I think I need a pep talk today, and perhaps if I type this out, it'll help cement it in my mind (and if anyone else wants to be blunt with me, too - I feel I need it).  No raging today, but he's on a downward slope.  Our son has a cold, and won't go to preschool so he doesn't get the other kids sick.  I'm at work, so my H is home with him and doesn't get the 2 1/2 hour kid-free break school provides.  He works tomorrow, then is home with our son Friday (no preschool Friday).  He feels overwhelmed because he (please note it's always singular) can't "catch a break".  Friends dropped off dinner for us, and he found out they made it for my parents, but because my dad's stomach issues from chemo, they kindly refused it.  The friends then brought it to us instead.  I was ecstatic - I didn't have to cook dinner!  My H is upset because they clearly didn't care about him because they didn't make the dinner specifically for us (him), even though the friends KNOW he's been struggling, so this is absolute proof these friends don't actually care about him(I am not paraphrasing).  This is a huge trigger for me.  Kindness is kindness in my book - I don't care how or where it comes from.  So, I listened and validated his feelings only; used SET to gently remind him other friends dropped off a box of cupcakes, etc. the same day specifically for us because they know we've been having a hard time mentally since the cancer diagnosis (they specifically used the plural).  I then steered the conversation to practical help I could provide - I can arrange my schedule to be home from work early and take over the sick kid duty; I arranged for a friend to watch our son for part of Friday to give my H a break, I'll be home all weekend, as I always am (in reality: I'm doing these things for our son/kids.  I don't like leaving them at home alone with my H when he's having these bad days.  I dread school vacation time). 

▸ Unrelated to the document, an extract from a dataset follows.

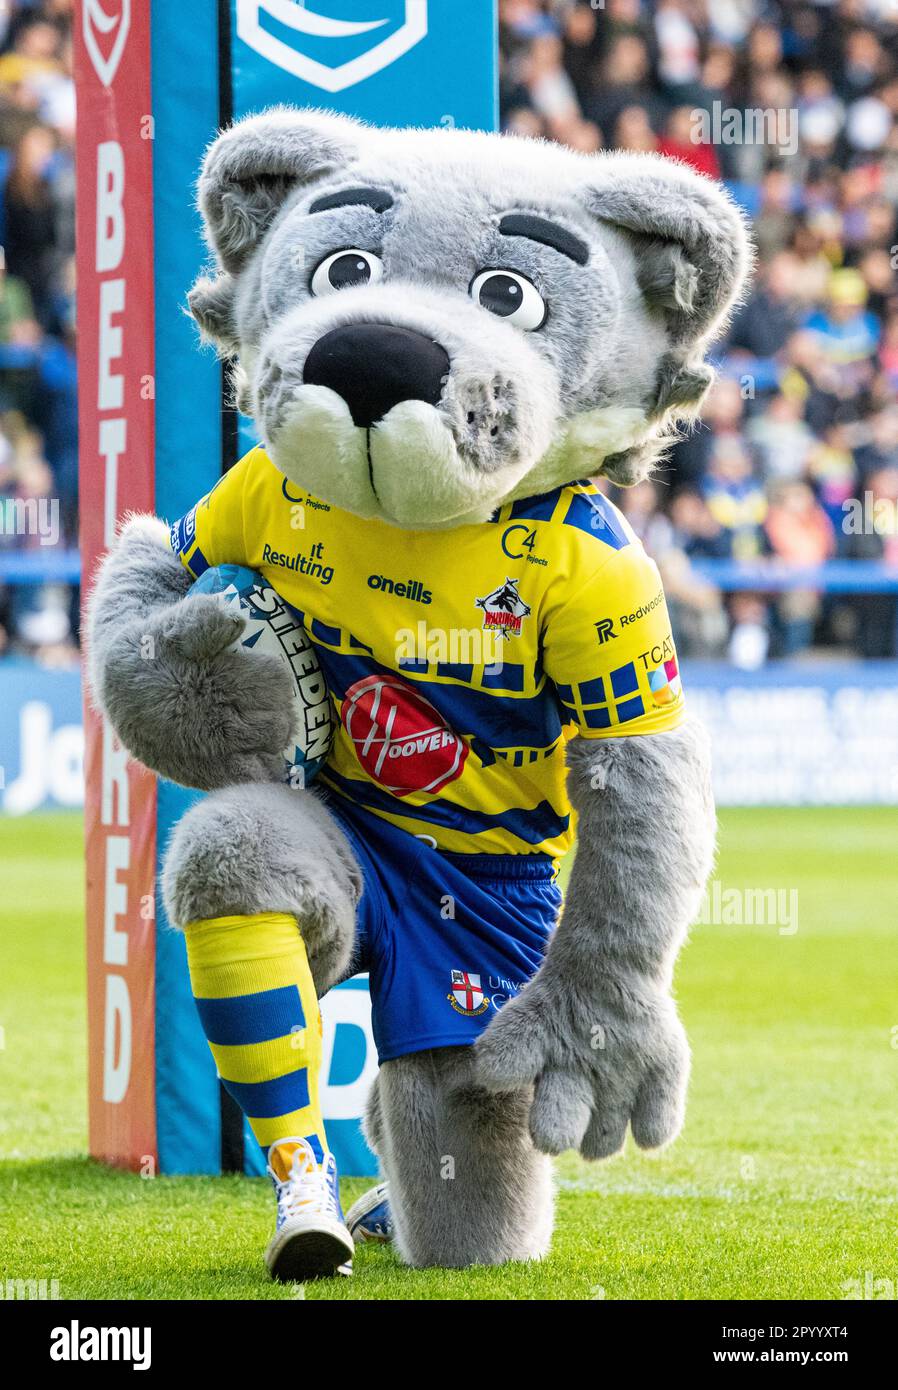 Warrington, Cheshire, England 5th May 2023. Warringtonmascot ' Wolfie’ entertains the crowd ahead of kick off, during Warrington Wolves Rugby League Football Club V Wakefield Trinity Rugby League Football Club at the Halliwell Jones Stadium, the Betfred Super League. (Credit Image: ©Cody Froggatt/Alamy live news) Stock Photo
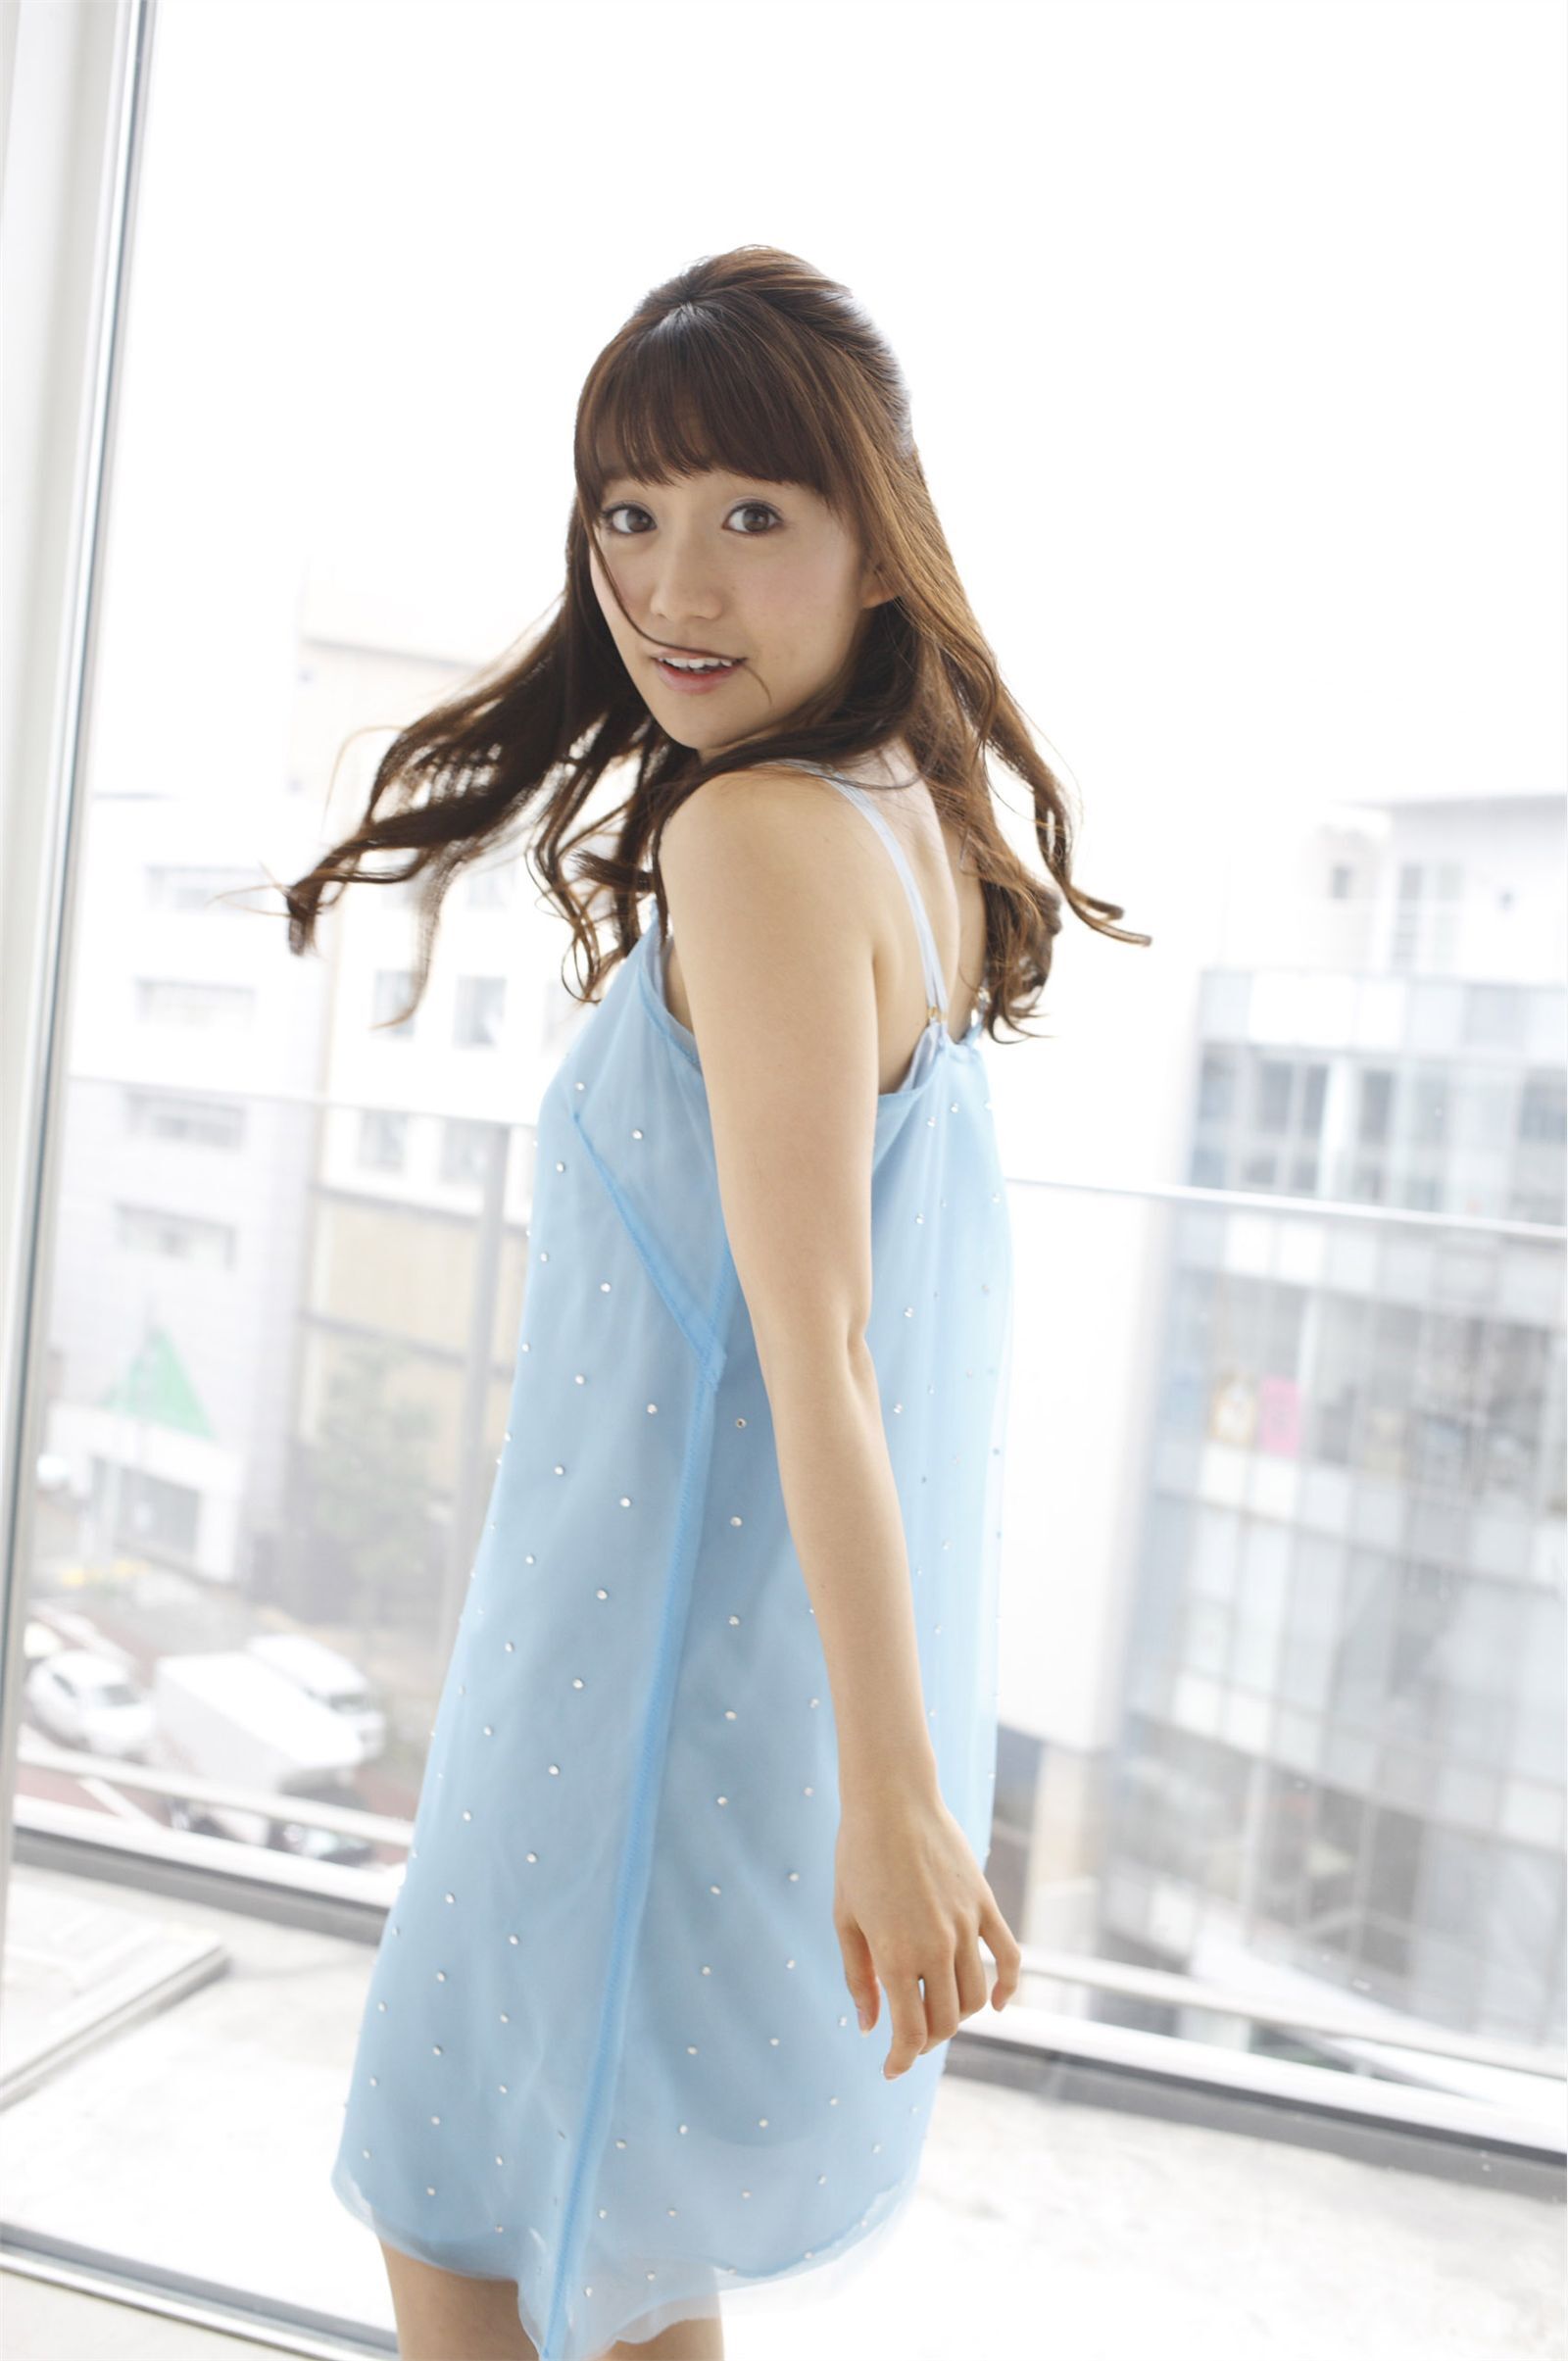 [WPB net] 2013.01.30 No.135 pictures of Japanese beauties

Now that this is the background of today (and I know, it's nothing dramatic or totally out of line), I am trying to repeat to myself, mantra style - his feelings are his own.  My feelings are my own.  Over and over.  I guess perhaps I'm looking for further advice on detaching (and I'll go into the Tools section and re-read some workshops, too), because in reality - this exact situation/conversation has been going on for YEARS.  He is not going to change (this makes me so sad).  Only I can change me and my reactions.  I know this cognitively, but really putting it into practice has been a struggle.  If I wake up to my kid's coughing and fever in the middle of the night, I wish my first thought was about my child's physical ailment and not how we'll get through the day because my H views this as the universe further punishing him.  And I know that mindset change is on me.  Just need to find practical steps on how to actually do it.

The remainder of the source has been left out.